:: Entries supplied

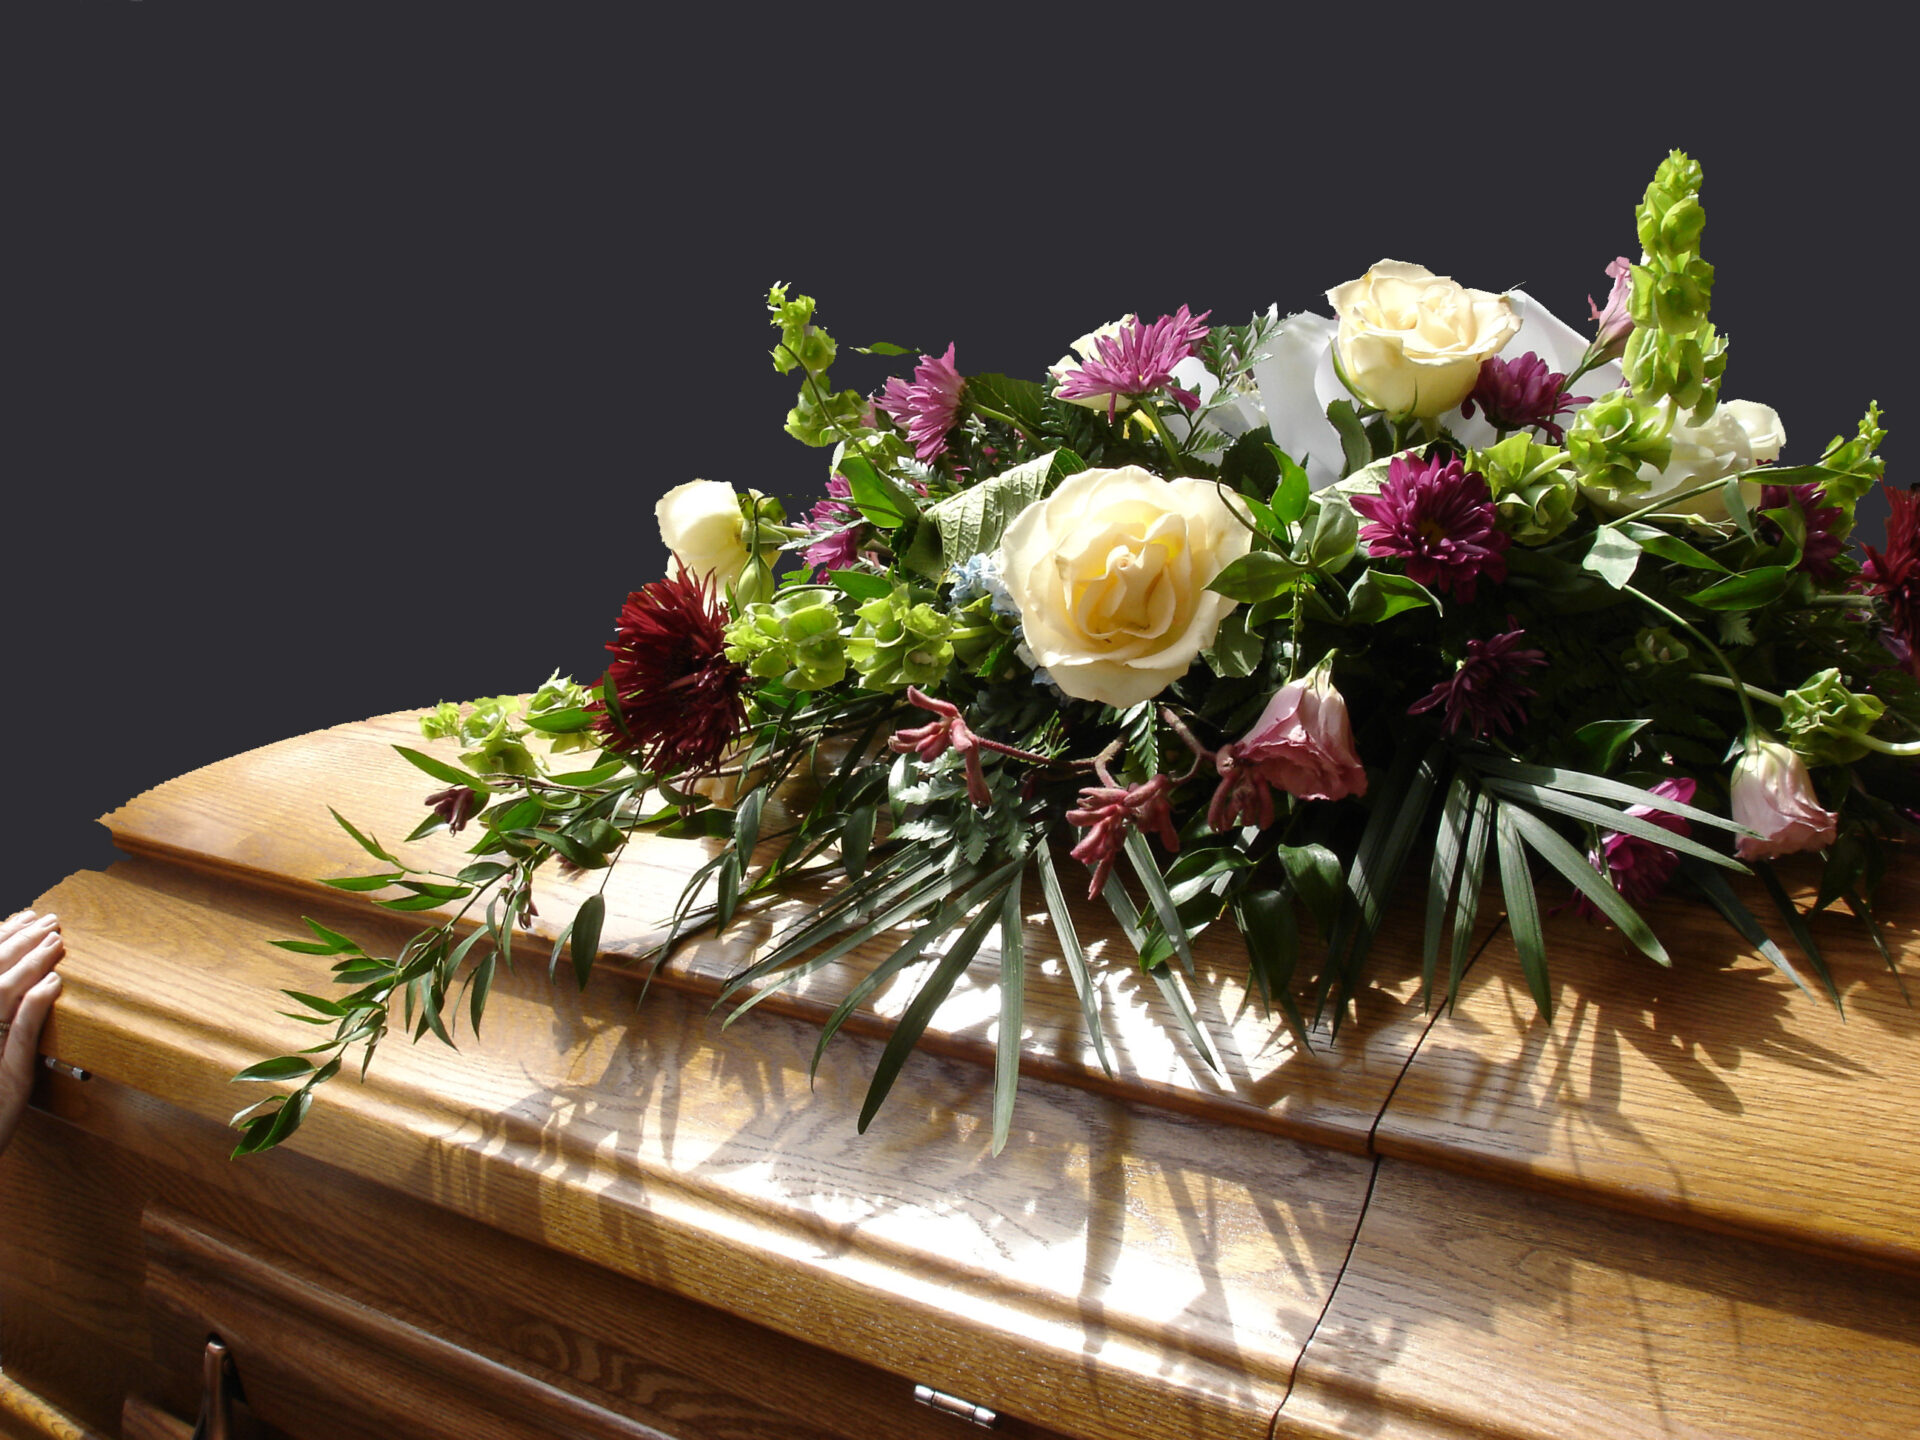 Online Obituary Scam Targets Most Vulnerable
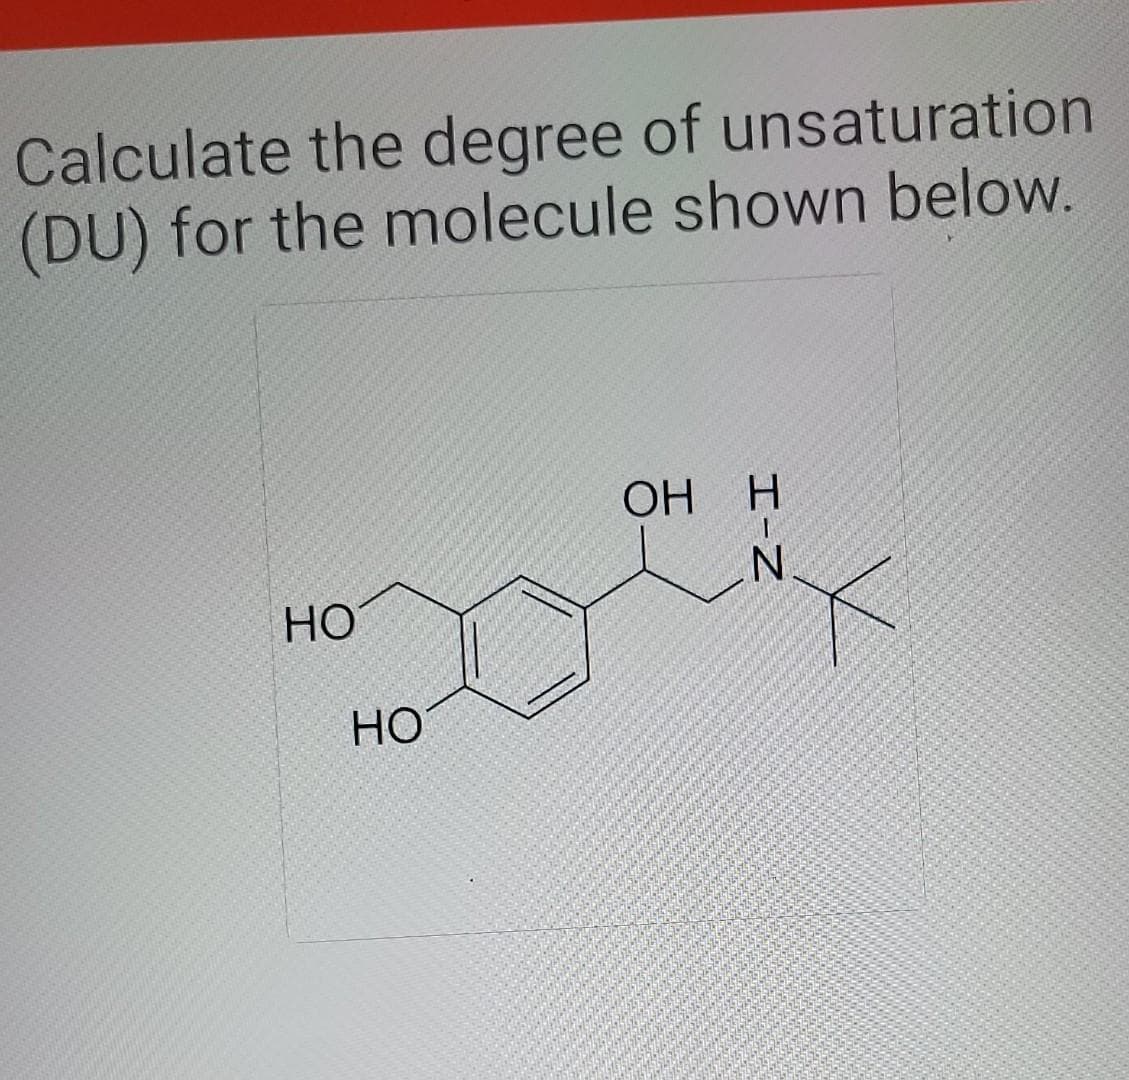 Calculate the degree of unsaturation
(DU) for the molecule shown below.
HO
HO
OH H
H-N

::::

▶ Work required
Every line above should be duplicated exactly; the pictures are to be left out.

▶ Reply to the task
 Online Obituary Scam Targets Most Vulnerable
 Calculate the degree of unsaturation
(DU) for the molecule shown below.
HO
HO
OH H
H-N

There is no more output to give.